Every line from the first one in the data below through the line holding "Koronaviruksen takia linja-autoliikenne" is to be written out exactly, with the pictures omitted.
Data block Block Start
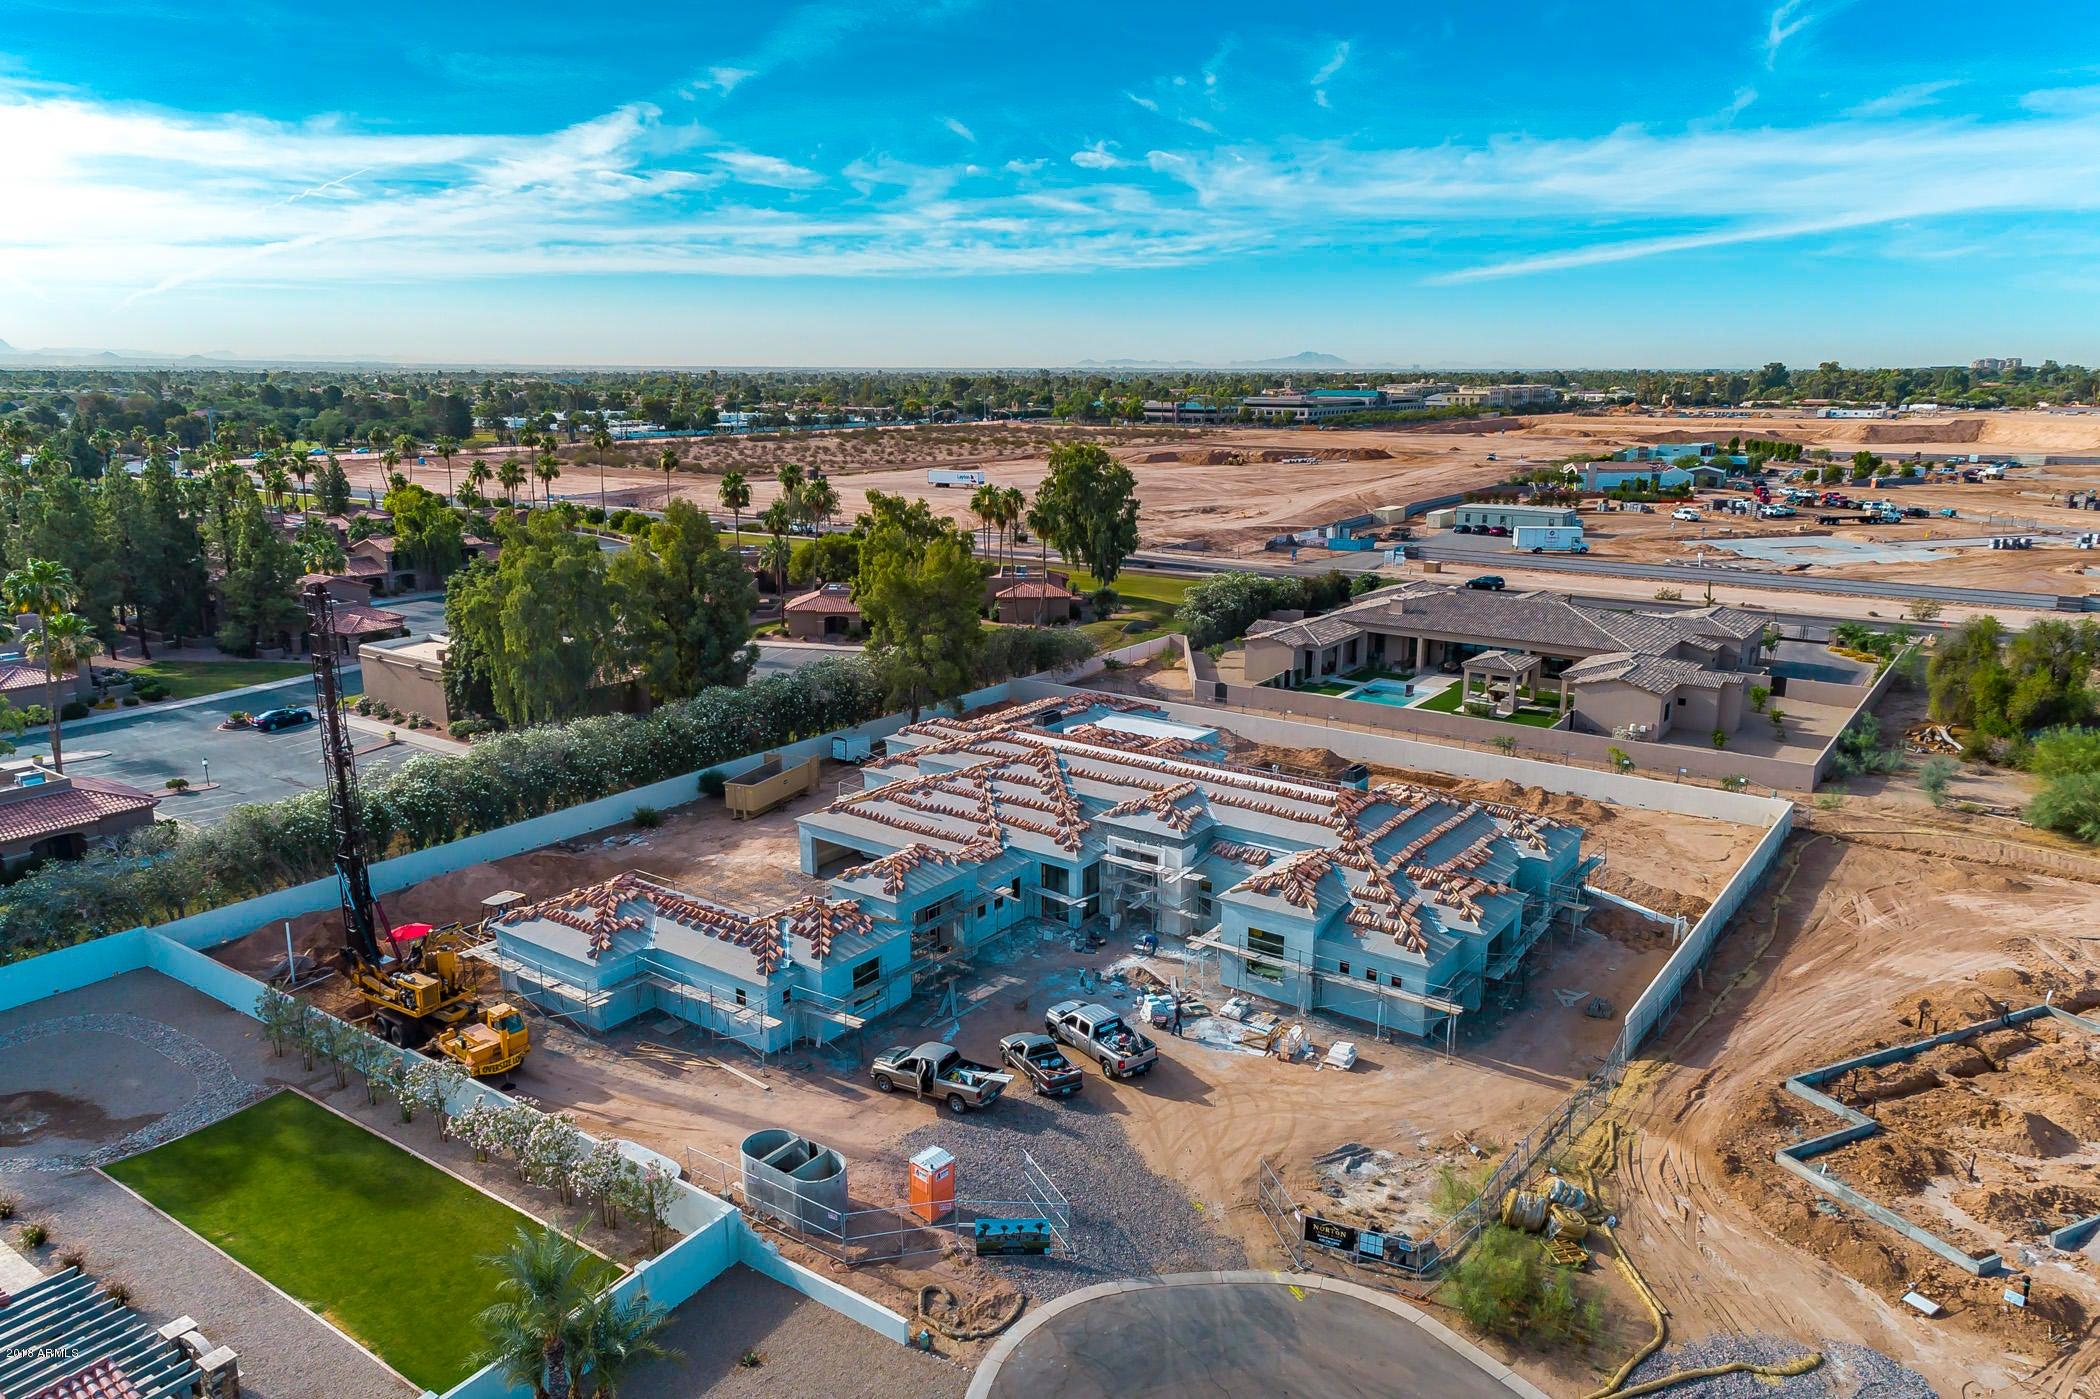 MLS 5778069 7035 N 69TH Place, Paradise Valley, AZ 85253 Paradise Valley AZ Newly Built
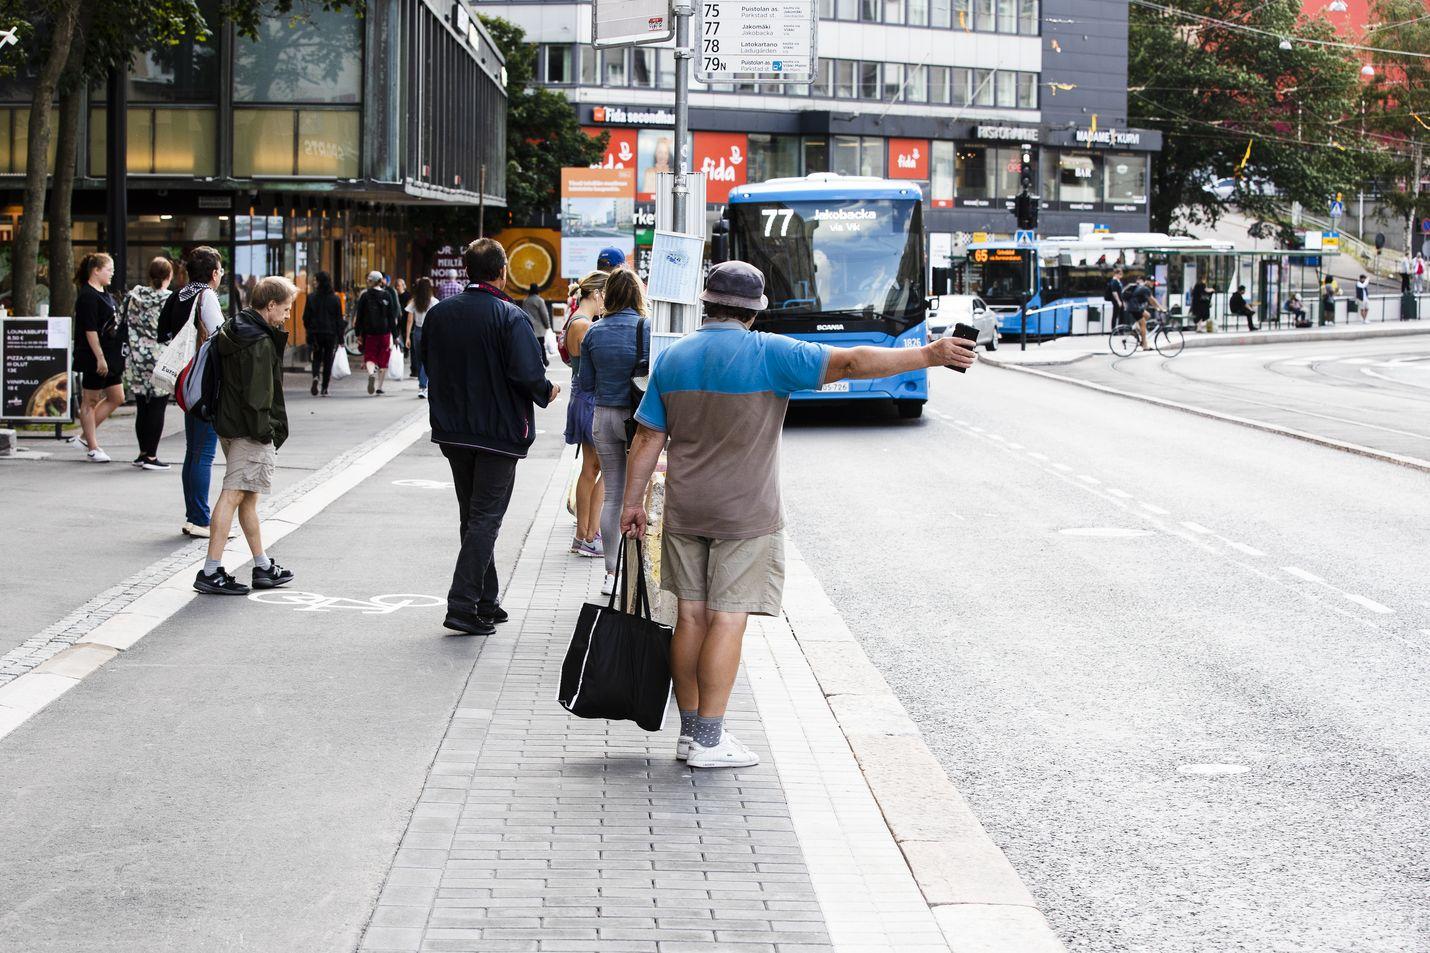 Koronaviruksen takia linja-autoliikenne pyörii noin puolella teholla normaalista. Helsingin Sörnäisissä 31. heinäkuuta bussiin riitti menijöitä.
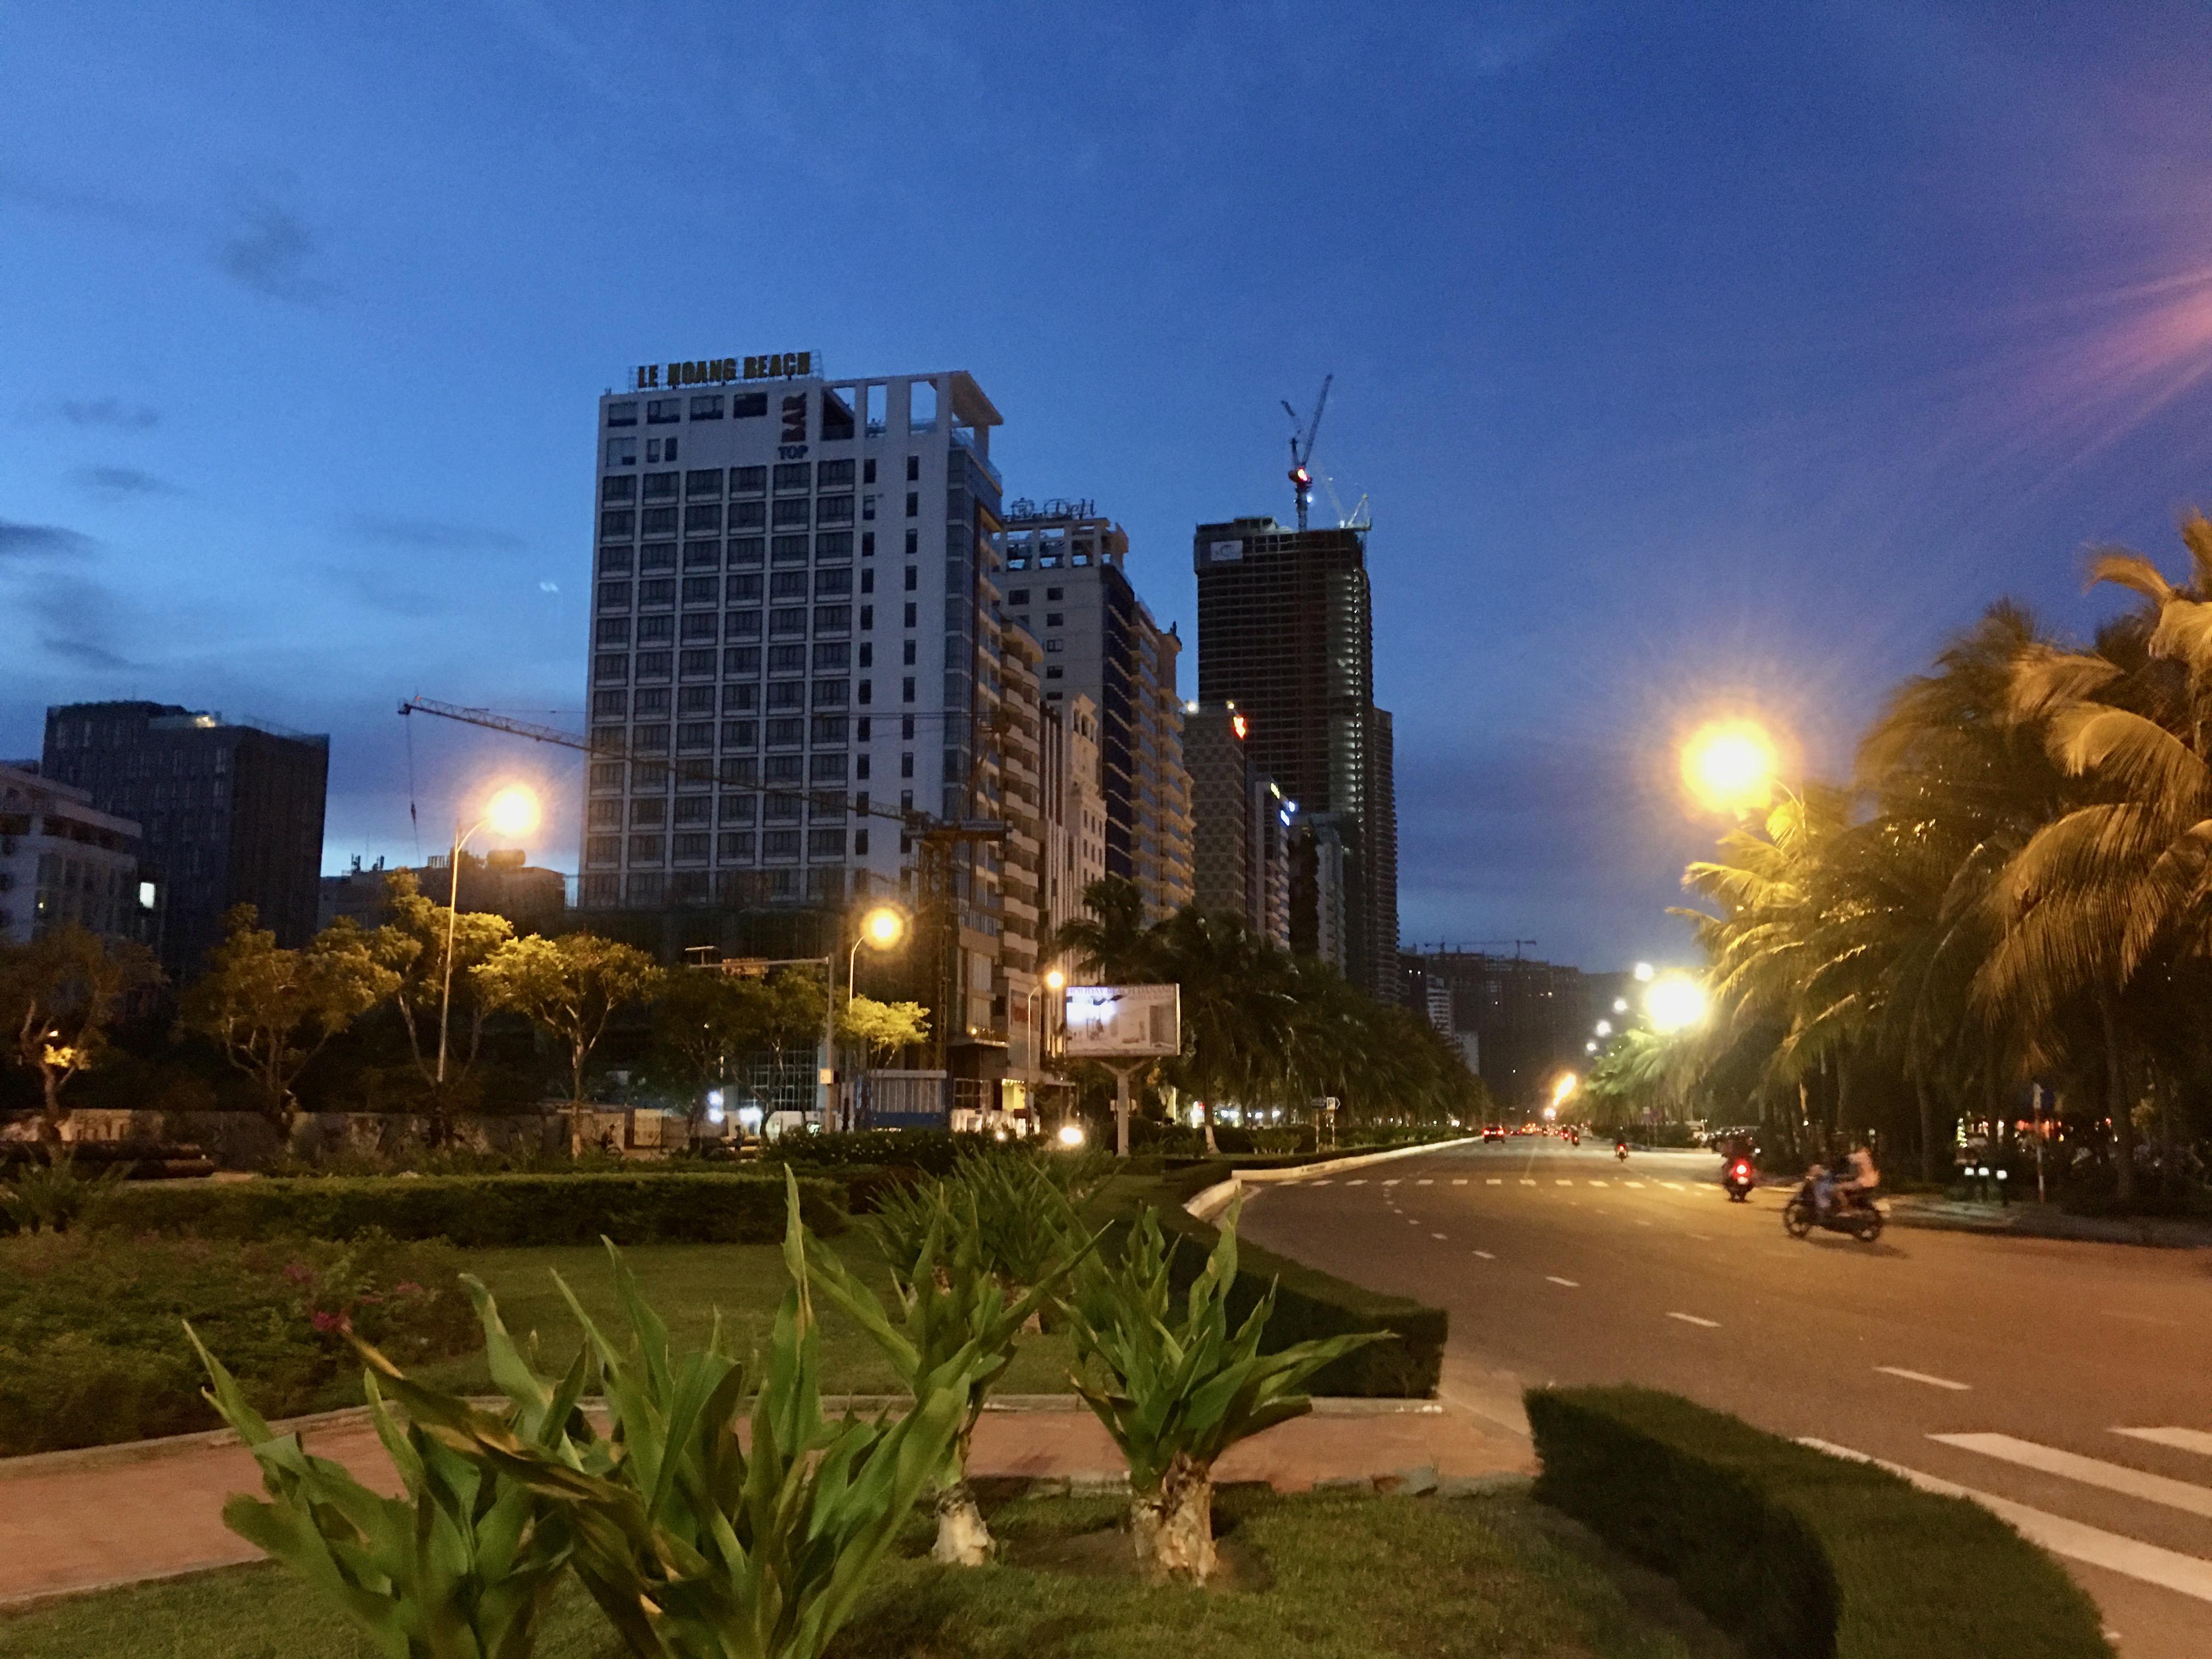 Phố khách sạn Đà Nẵng 'tối đèn', rao bán hàng trăm tỉ đồng - Ảnh 3.
Data block Block End
*Solution to the problem:*
 MLS 5778069 7035 N 69TH Place, Paradise Valley, AZ 85253 Paradise Valley AZ Newly Built
 Koronaviruksen takia linja-autoliikenne pyörii noin puolella teholla normaalista. Helsingin Sörnäisissä 31. heinäkuuta bussiin riitti menijöitä.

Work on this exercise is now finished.